■ Information supplied
##############################

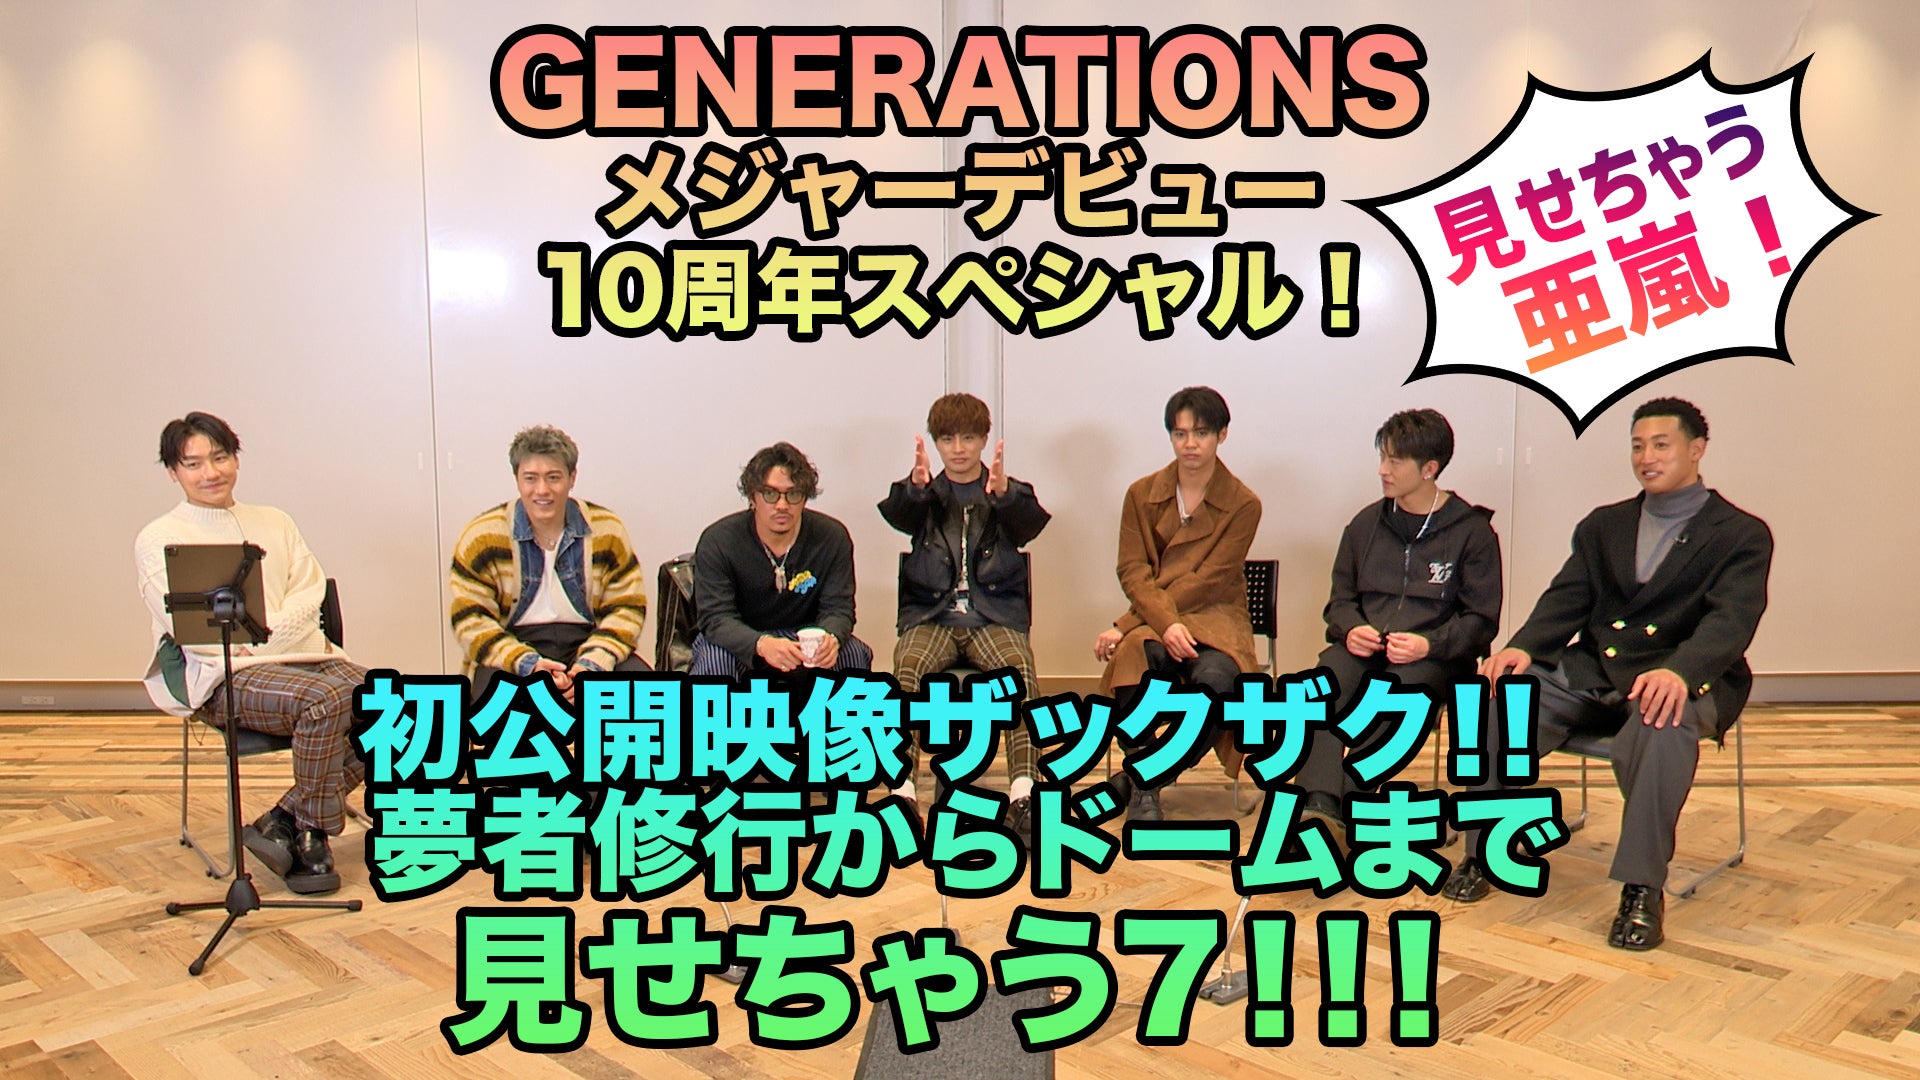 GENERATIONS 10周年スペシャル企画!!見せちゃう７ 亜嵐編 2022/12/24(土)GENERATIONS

##############################

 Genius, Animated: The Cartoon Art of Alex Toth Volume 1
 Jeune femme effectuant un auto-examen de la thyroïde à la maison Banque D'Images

##############################

■ Your task
Looking at the records above, return exactly the lines from the line with "Genius, Animated: The" to the line with "Jeune femme effectuant", both ends included.

■ Task output
 Genius, Animated: The Cartoon Art of Alex Toth Volume 1
 Jeune femme effectuant un auto-examen de la thyroïde à la maison Banque D'Images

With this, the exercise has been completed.